Collected material.
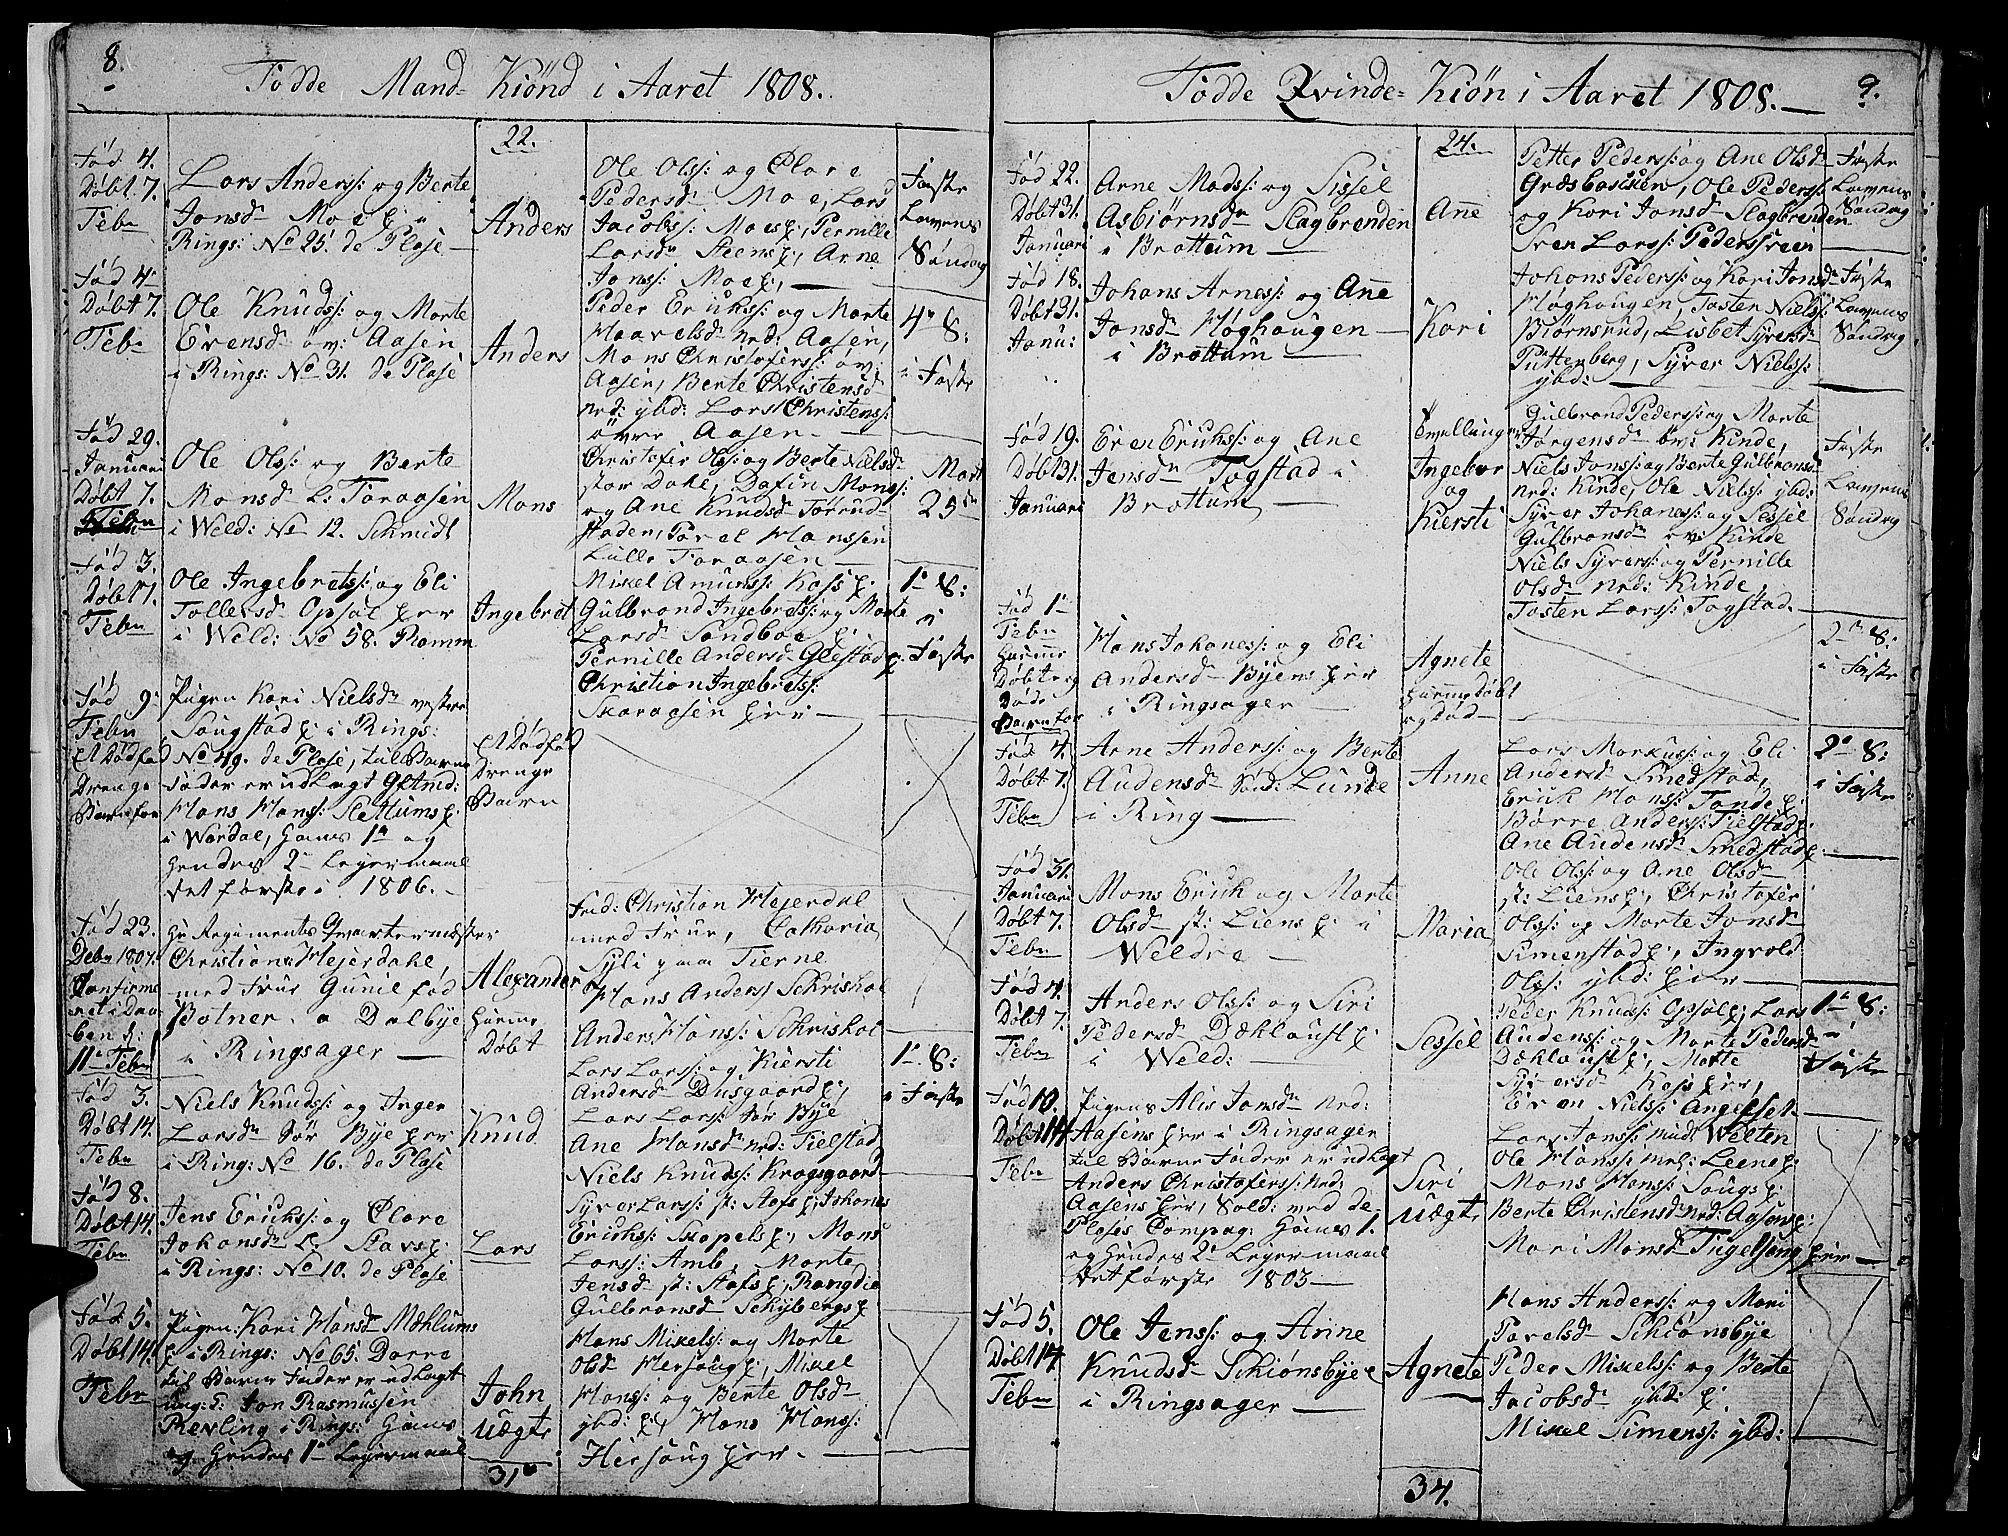 SAH, Ringsaker prestekontor, I/Ia/L0005/0008: Kladd til kirkebok nr. 1H, 1807-1811, s. 8-9
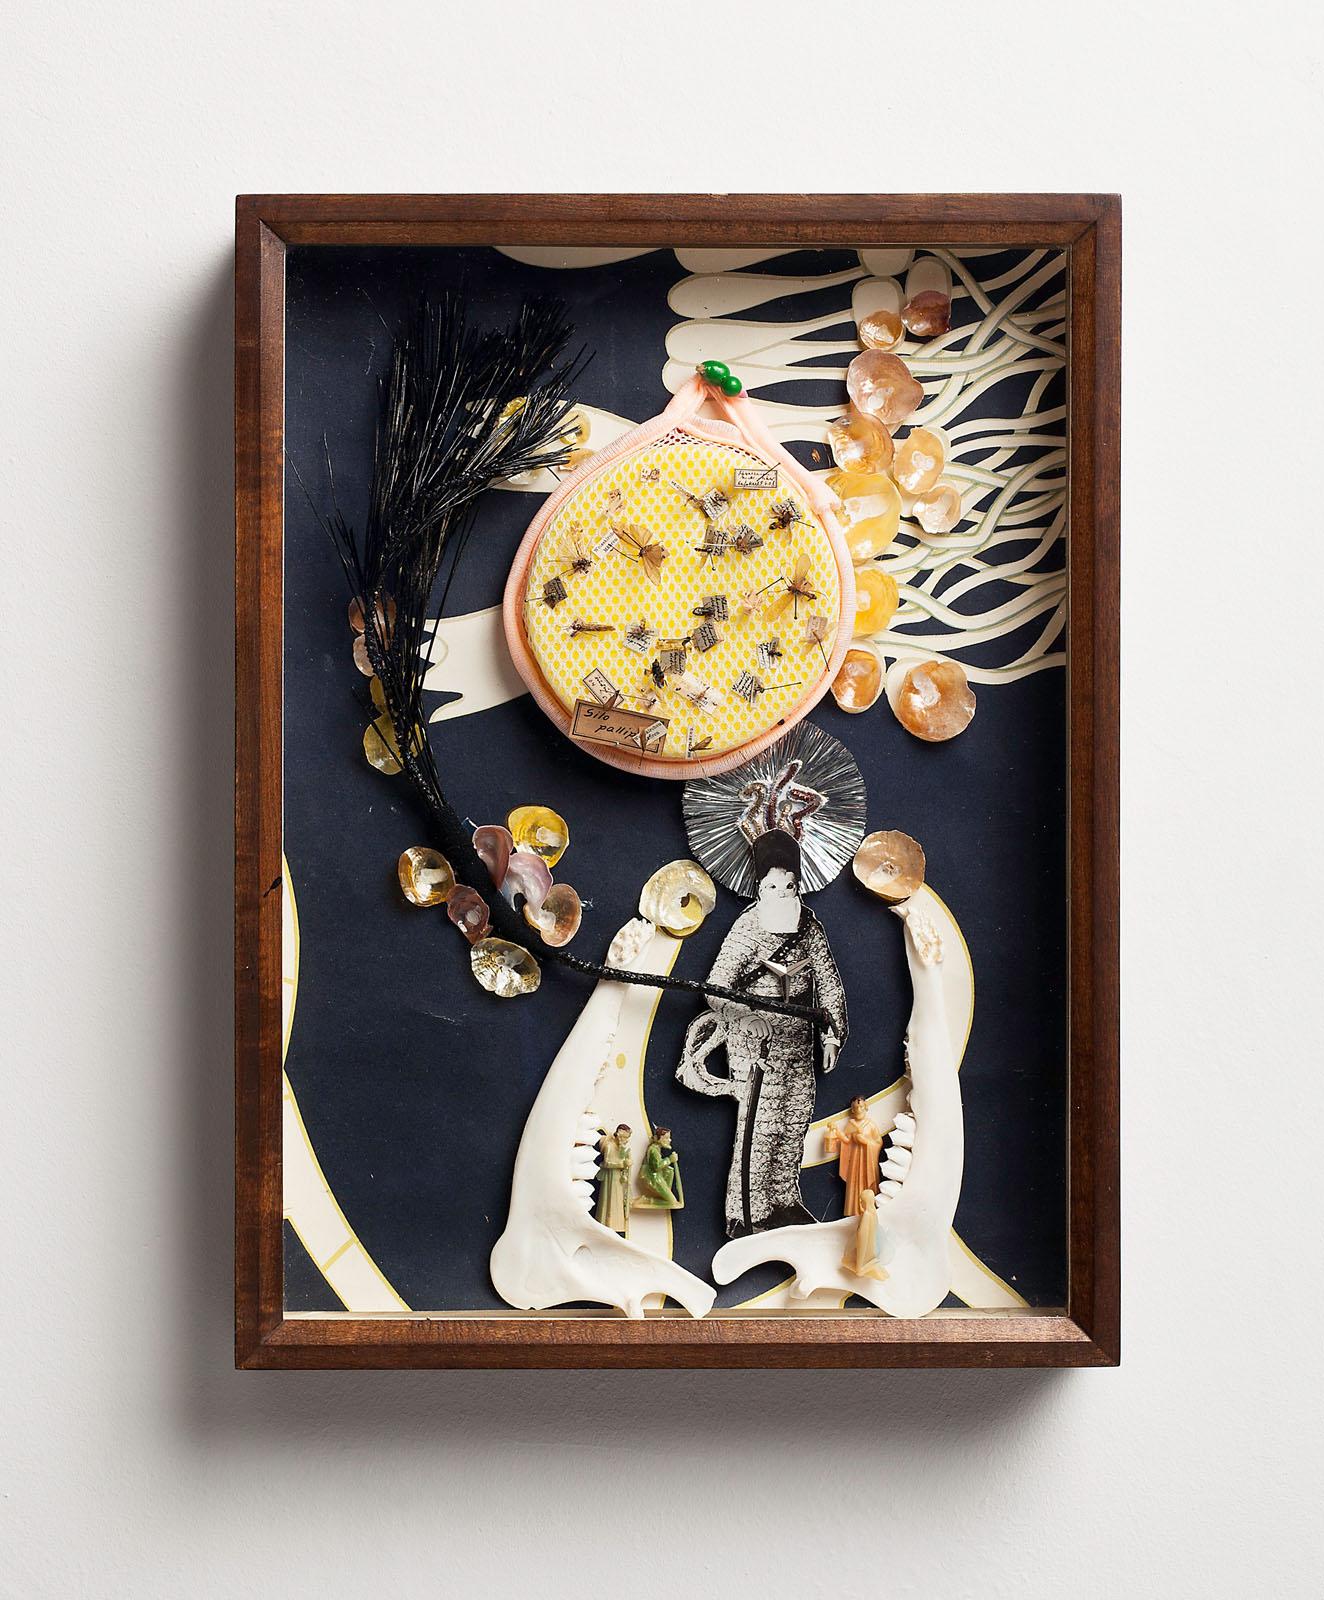 "o.T. aus ""Petrichor – Alpis"", 2016, 39,8 x 30 x 6,5 cm, diverse Materialien in Schaukasten"
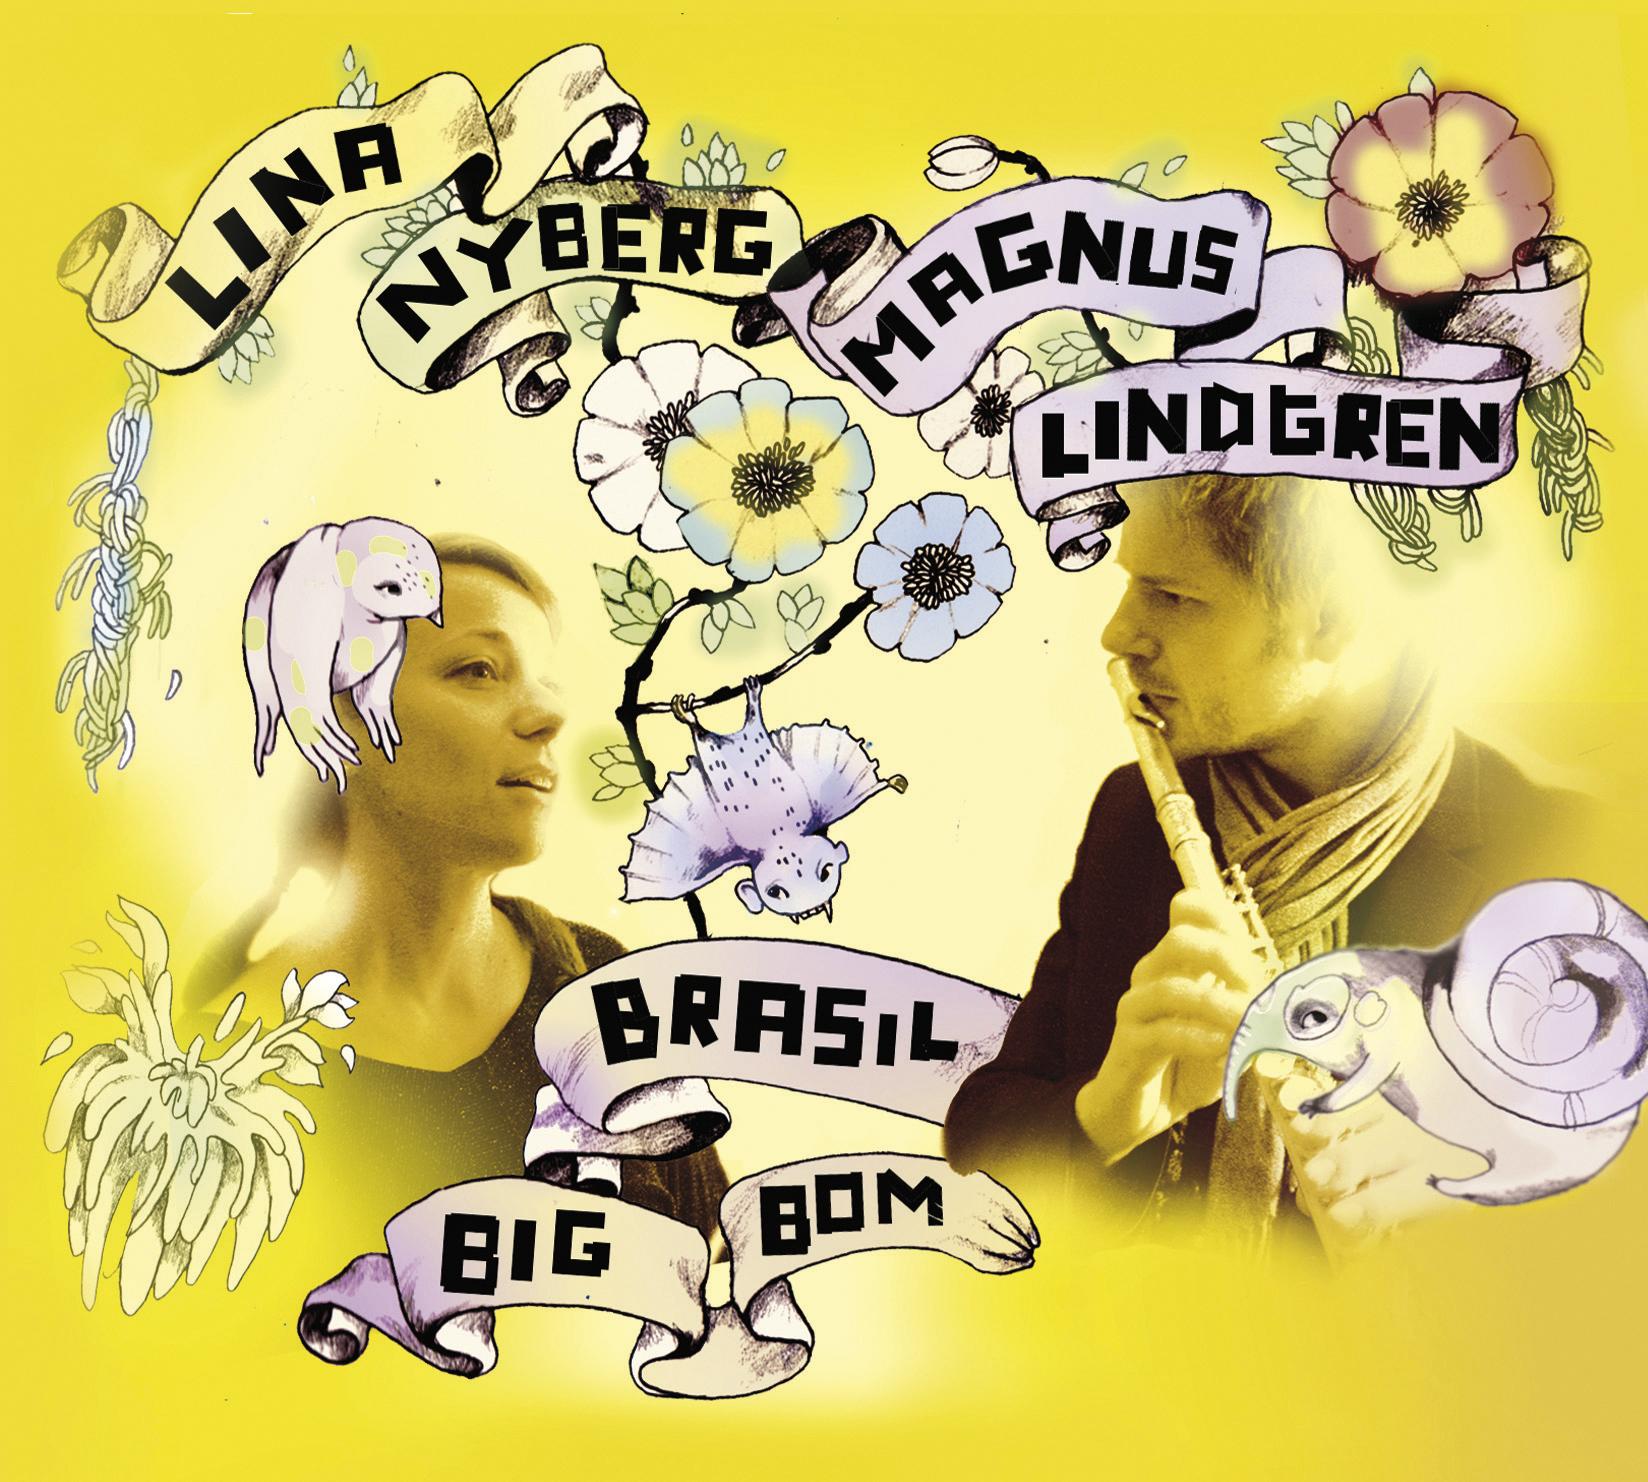 Lina Nyberg & Magnus Lindgren: Brasil Big Bom

To do. Pictures aside, repeat every line of the data above exactly.

Written answer.
 SAH, Ringsaker prestekontor, I/Ia/L0005/0008: Kladd til kirkebok nr. 1H, 1807-1811, s. 8-9
 "o.T. aus ""Petrichor – Alpis"", 2016, 39,8 x 30 x 6,5 cm, diverse Materialien in Schaukasten"
 Lina Nyberg & Magnus Lindgren: Brasil Big Bom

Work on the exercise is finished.